A noter que seulement 20 à 30% des immigrés arrivent en tant que véritables demandeurs d’asile, menacés dans leur pays de départ, les autres étant davantage attirés par les meilleures conditions économiques en Europe et dans le pays d’accueil choisi et espèrent, pour eux-mêmes ainsi que leurs enfants, un avenir meilleur.

 C’est surtout la guerre en Syrie qui a entraîné des arrivées massives de réfugiés aux portes de l’Europe. Là où l’Allemagne, avec la déclaration de la chancelière allemande , Angela Merkel, du « wir schaffen das » (« nous y arriverons ») a accueilli plus de 1 200 000 réfugiés, mais, par exemple, également la Suède (avec la proportion la plus élevée d’immigrés par rapport à sa propre population) ont certainement ouvert trop les frontières ou n’étaient pas suffisamment préparées pour un accueil en masse…Là où la Hongrie, la Pologne et également l’Autriche, ont refusé catégoriquement toute participation à un effort d’accueil pan-européen, demandé par Angela Merkel.

 Or une solution n’est possible qu’au niveau des 27 pays de l’Union: en commençant par la mise en place d’un nouveau droit d’asile commun, limité aux ressortissants en danger, voire poursuivis dans des pays ou zones en état de guerre ; la révision des accords de Dublin, portant sur les personnes s’étant vu refuser le droit d’asile dans un premier pays des 27 ; l ‘entraide dans la reconduction aux frontières des immigrants illégaux ; enfin un financement partagé et solidaire qui soulage les pays de premier accueil du Sud de l’Europe, entre la Grèce (économiquement toujours fragile), l’Italie ( momentanément hostile à la récupération d’immigrés) et la Turquie, qui héberge actuellement sur son sol environ 4 000 000 réfugiés suite à un accord entre Angela Merkel, au nom de l’Europe, et le Président Erdogan, qui propose de les fixer définitivement dans une zone frontalière et démilitarisée de 40km de large et de 300km de long.

 Quant à la France, elle s’est limitée jusqu’à présent à des engagements à minima.

 En effet, son engagement réel, confirmé par Manuel Valls à la fin de son mandat et par le candidat à la Présidence, François Fillon, était d’accueillir    « 30 000 réfugiés et pas un de plus ». D’où la critique, par l’Italie, exposée à des arrivages clandestins quotidiens en nombre et aux critiques de les « rejeter à la mer », de l’hypocrisie de la France. Et le regret du voisin allemand d’avoir été abandonné au sein du « couple » franco-allemand.

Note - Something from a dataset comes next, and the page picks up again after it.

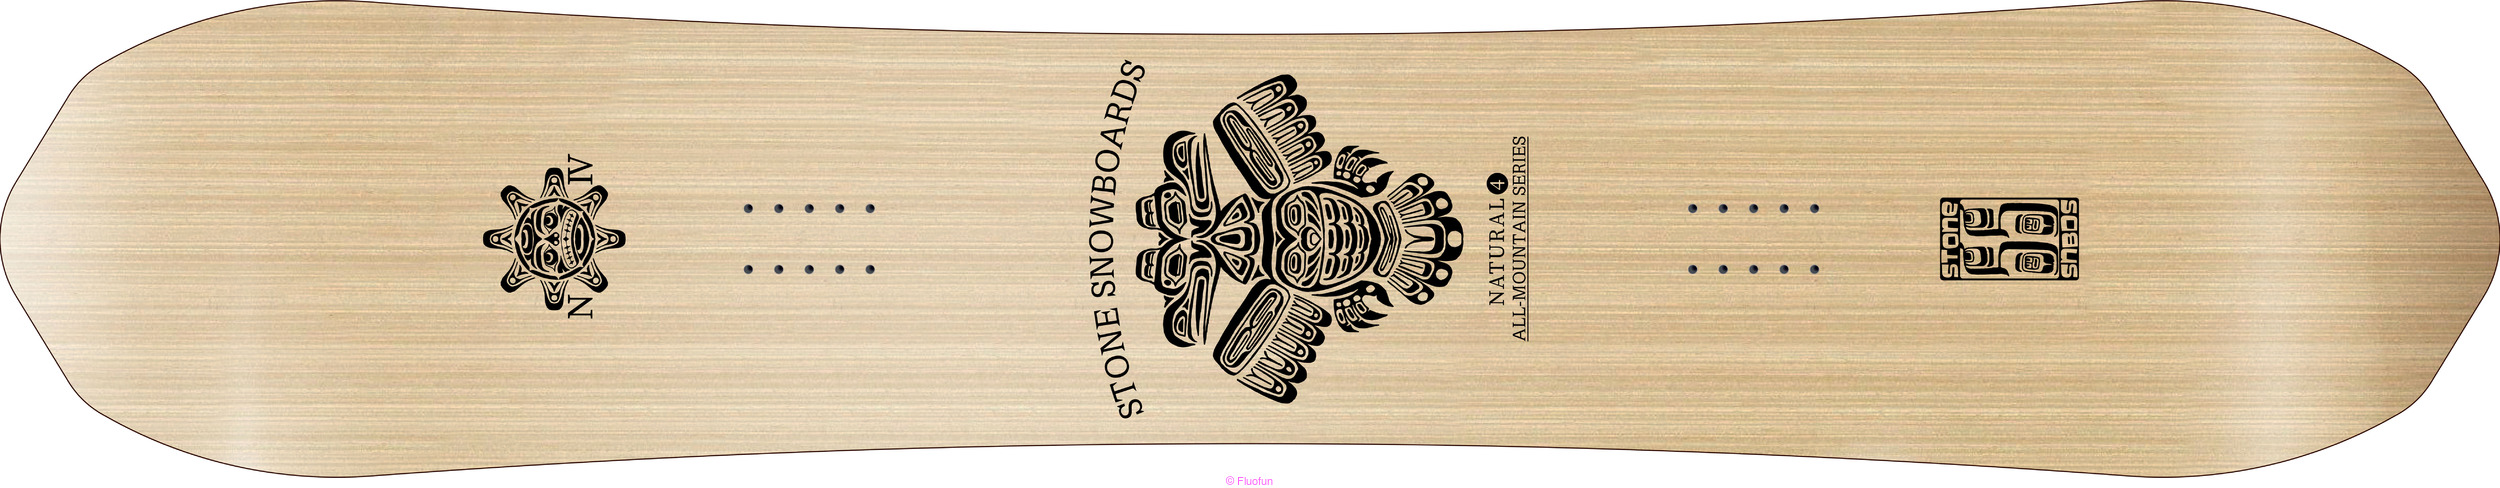 Stone snowboards NATURAL
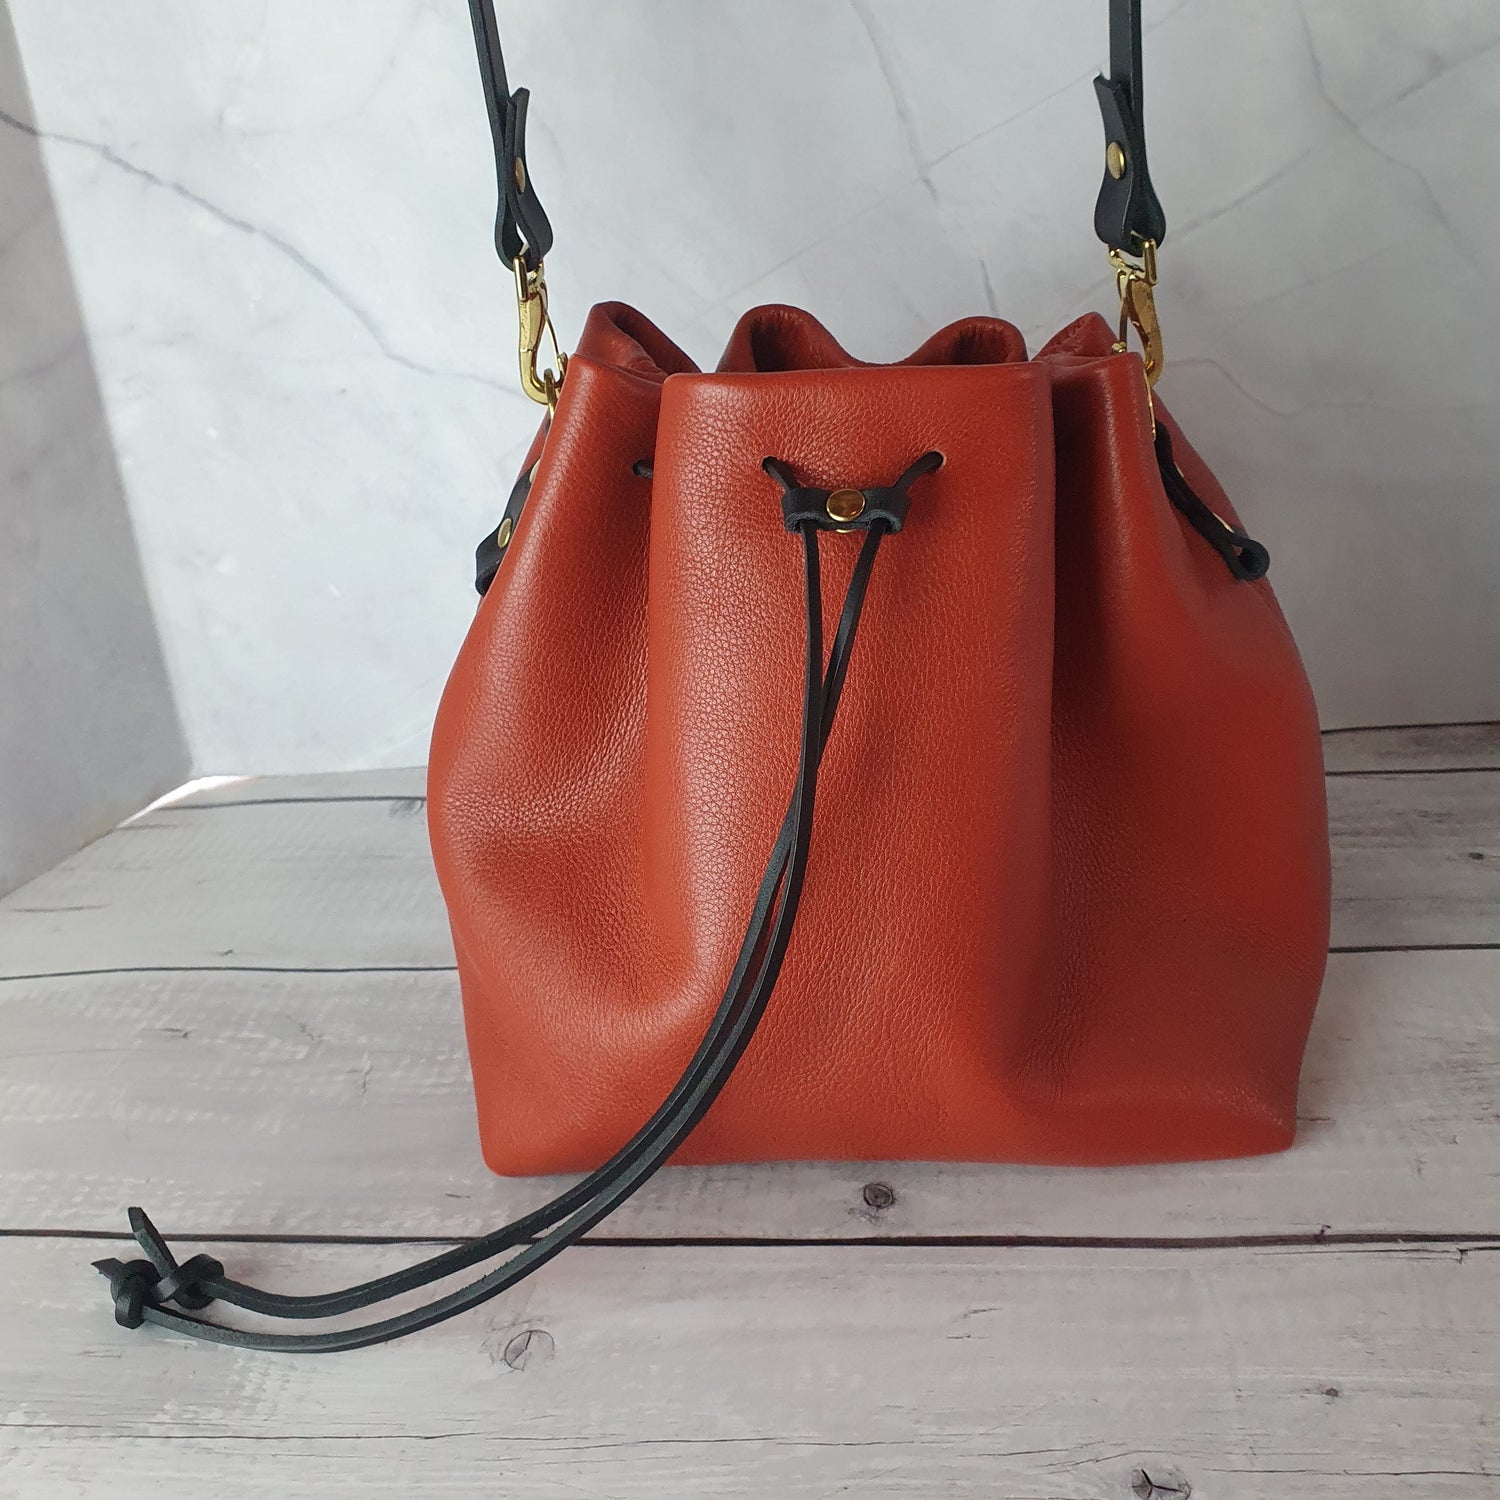 Hands of Tym Course 'Bag in a Day' Practical Leather Course Mini Bucket Bag

 Or, même si, avant la crise ukrainienne et son exode massif, la vague d’immigration avait  perdu de sa force et que les chiffres étaient revenus au niveau d’avant, en partie à cause d’un contrôle plus rigoureux aux frontières extérieures de l’Union (où une nouvelle réglementation européenne permet désormais de venir secourir un pays, qui s’avérerait incapable de maîtriser les arrivages de migrants à sa frontière), en partie à cause d’une position plus restrictive de l’Allemagne et franchement hostile de l’Italie, de la Hongrie, de la Pologne et de l’Autriche. Cette situation risque d’être seulement passagère.

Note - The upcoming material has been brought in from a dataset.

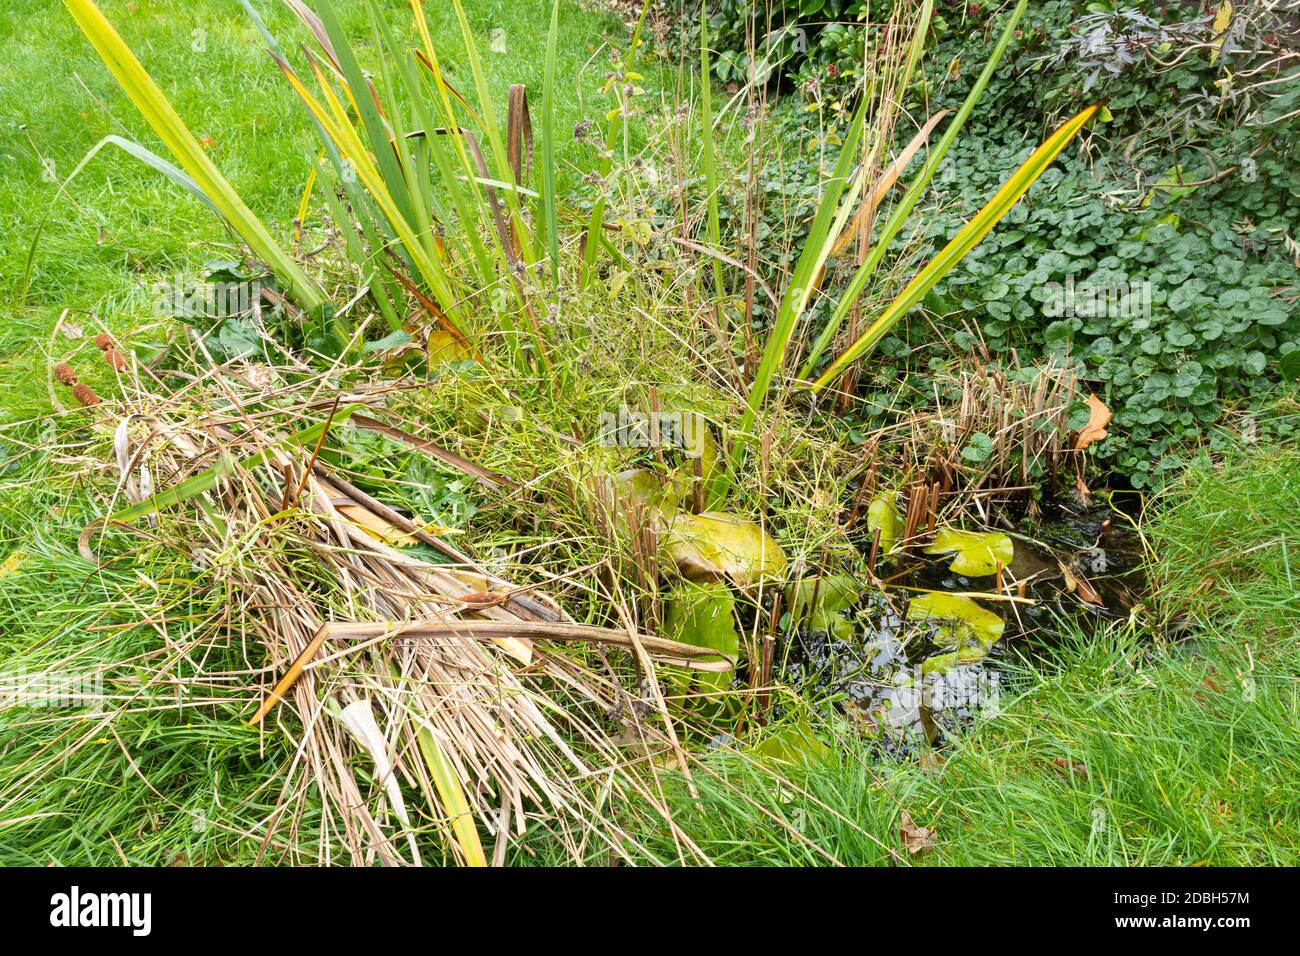 Maintaining a garden wildlife pond in autumn 2, UK. Pondside plant cuttings left at the pond edge to allow any wildlife to go back to the pond. Stock Photo

 Tant que l’Europe restera un îlot de paix et de prospérité avec une population en stagnation, voire en baisse relative, et plus le monde connaîtra de conflits, de catastrophes naturelles et de croissance de sa population, plus elle subira inexorablement la pression des flux migratoires, surtout en provenance de l’Afrique. Et cela, comme c’est la tendance, même si l’aide humanitaire de l’Europe augmentera de façon considérable et qu’elle sera orientée essentiellement vers les pays qui, par convention, accepteront en contrepartie un contrôle des candidats à l’émigration dans le pays d’origine avant le départ ainsi que le retour des immigrés expulsés.

 Il vaut donc mieux se préparer à une immigration régulière et continue et la contrôler… idéalement au niveau européen, mais également au niveau français. Pour l’Europe, même si les effectifs de Frontex, en charge de nos frontières extérieures, ont fait l’objet d’un vote des 27 en faveur d’un renforcement important, et que l’ accord conclu par Angela Merkel « au nom de l’Europe » avec la Turquie (mais suspendu à des contreparties en termes d’aides financières et de facilités de voyage pour les ressortissants turcs, jusqu’ici non intégralement concédées, donc fragile) ont permis d’éviter, au moins pour l’instant, une nouvelle vague de réfugiés, nous sommes loin d’un accord entre les états membres, même sur la partie, à priori la plus simple, d’une nouvelle loi commune du droit d’asile.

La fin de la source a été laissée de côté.